Abercrombie knew that before he could find out anything he would have to make one friend, someone whom he could always trust to tell him the truth. So when he came upon the first group of natives, three people, presumably named Arthur, Bernard, and Charles, Abercrombie thought to himself, “This is my chance to find a knight for myself.” Abercrombie first asked Arthur, “Are Bernard and Charles both knights?” Arthur replied, “Yes.” Abercrombie then asked: “Is Bernard a knight?” To his great surprise, Arthur answered: “No.”

Is Charles a knight or a knave?

Puzzle 02's Solution

What do we know?

  1. Arthur asserts that Bernard and Charles are both knights.
  2. Arthur also asserts that Bernard is not a knight.

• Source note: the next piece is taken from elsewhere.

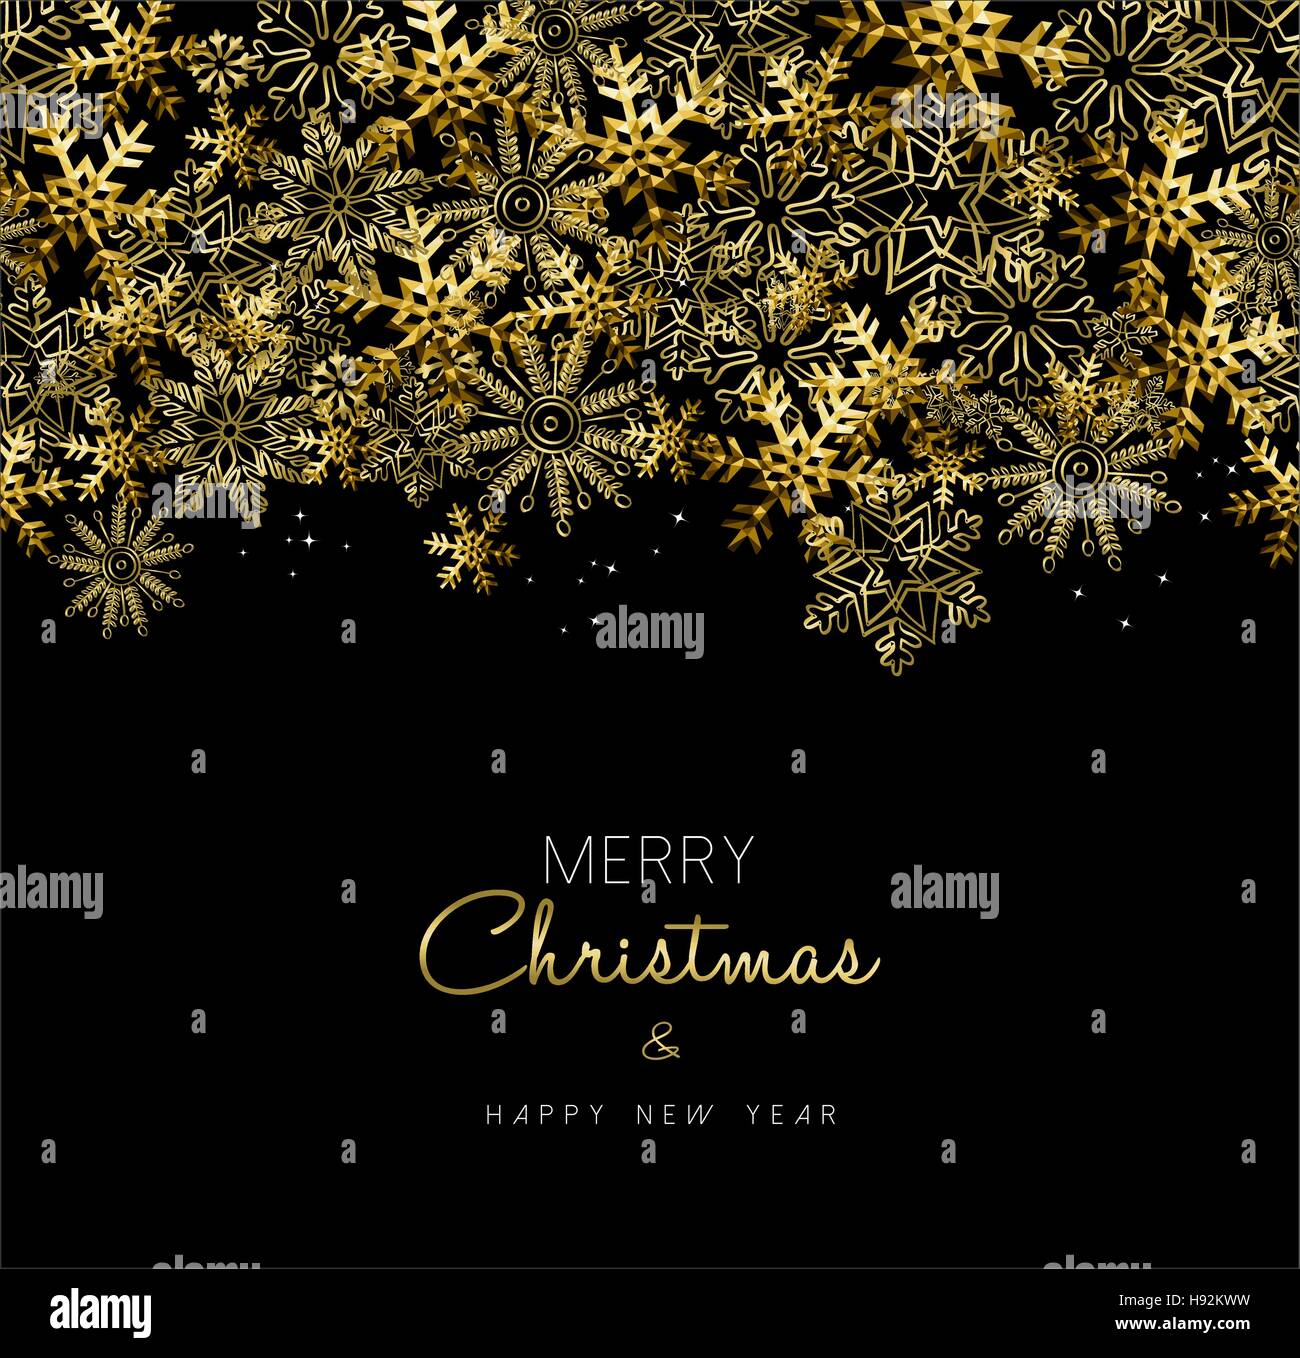 Frohe Weihnachten, frohes neues Jahr Grußkarte Design mit gold Schneeflocke Dekoration zur Weihnachtszeit. EPS10 Vektor. Stock Vektor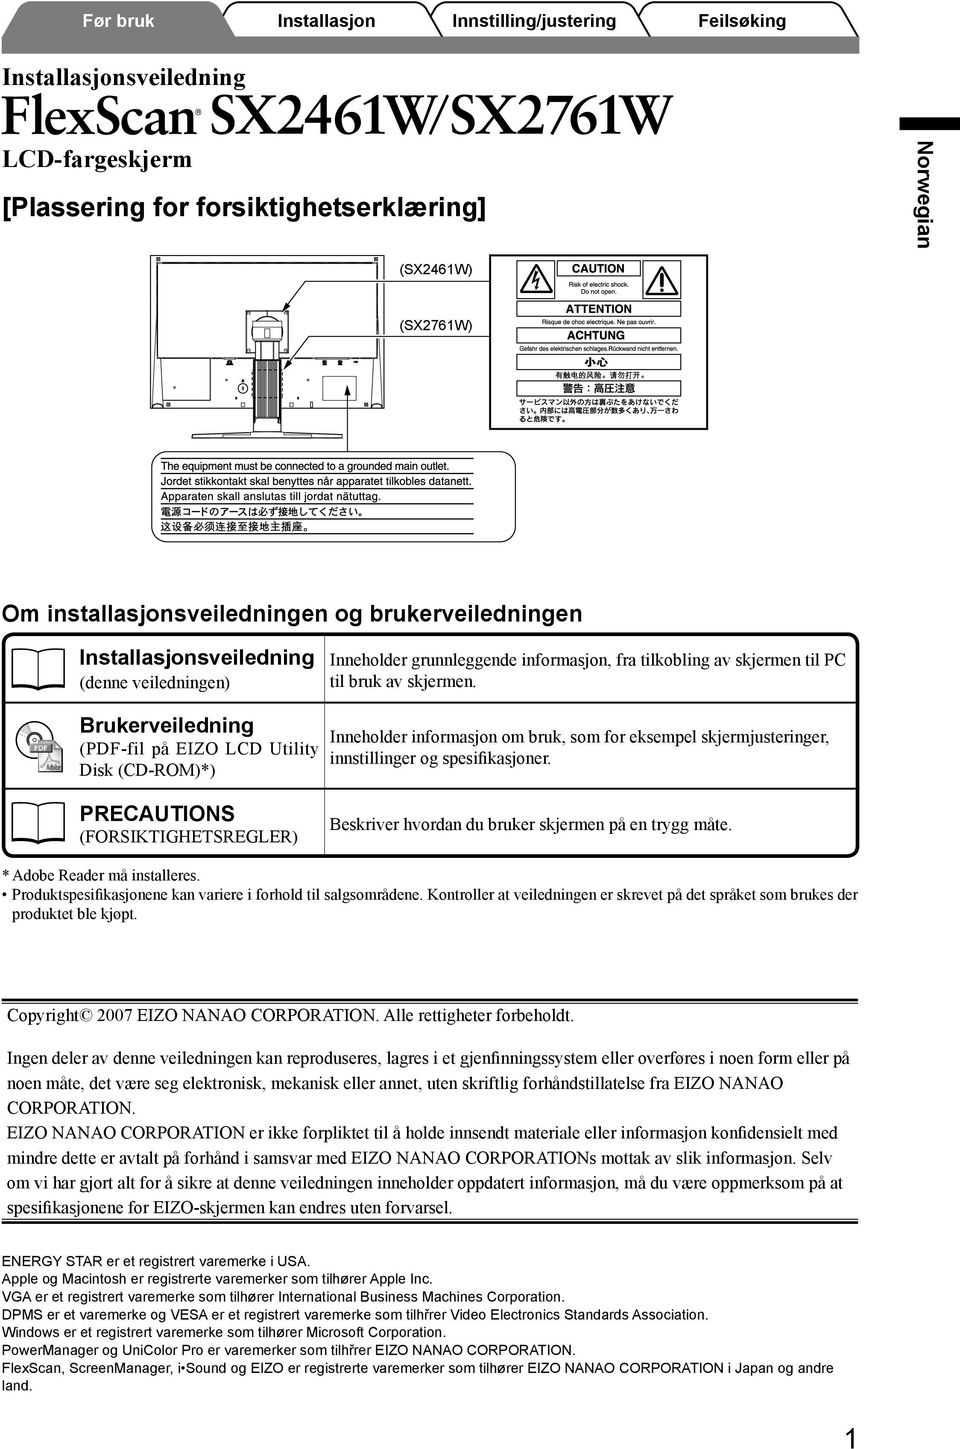 Brukerveiledning (PDF-fil på EIZO LCD Utility Disk (CD-ROM)*) Inneholder informasjon om bruk, som for eksempel skjermjusteringer, innstillinger og spesifikasjoner.

Arthur himself must be a knave: Bernard cannot both be a knight and not a knight. Hence Arthur is lying when he makes both of the above assertions.

So it is false that Bernard is not a knight, which entails that he is a knight.

It is also false that Bernard and Charles are both knights. Specifically, Arthur's first assertion is false just in case neither of them are knights or only one of them is a knight.

Yet we've already shown Bernard is a knight since Arthur's second assertion is false. So it must be the case that the Charles is not a knight. He is a knave.

Puzzle 03

Having been told by the King (who is, presumably, a knight) that the Sorcerer's Apprentice is presently entertaining two guests and that Abercrombie must deduce which of the three is the Sorcerer's Apprentice, we pick up the crucial part story:

A short walk brought the anthropologist to the house. When he entered, there were indeed three people present.

"Which of you is the Sorcerer's Apprentice?" asked Abercrombie.

"I am," replied one.

"I am the Sorcerer's Apprentice!" cried a second.

But the third remained silent.

"Can you tell me anything?" Abercrombie asked.

"It's funny," answered the third one with a sly smile. "At most, only one of the three of us ever tells the truth!"

Can it be deduced which of the three is the Sorcerer's Apprentice? If so, how? If not, why not?

We did not, alas, get to the solution for Puzzle 03. We'll pick up there next time after you've had a couple of days to think on it.

Please note that these puzzles are drawn from Raymond Smullyan's "Satan, Cantor, and Infinity" (Smullyan, R. 1992. Satan, Cantor, and Infinity: And Other Mind-Boggling Puzzles. New York: Alfred A. Knopf, Inc.)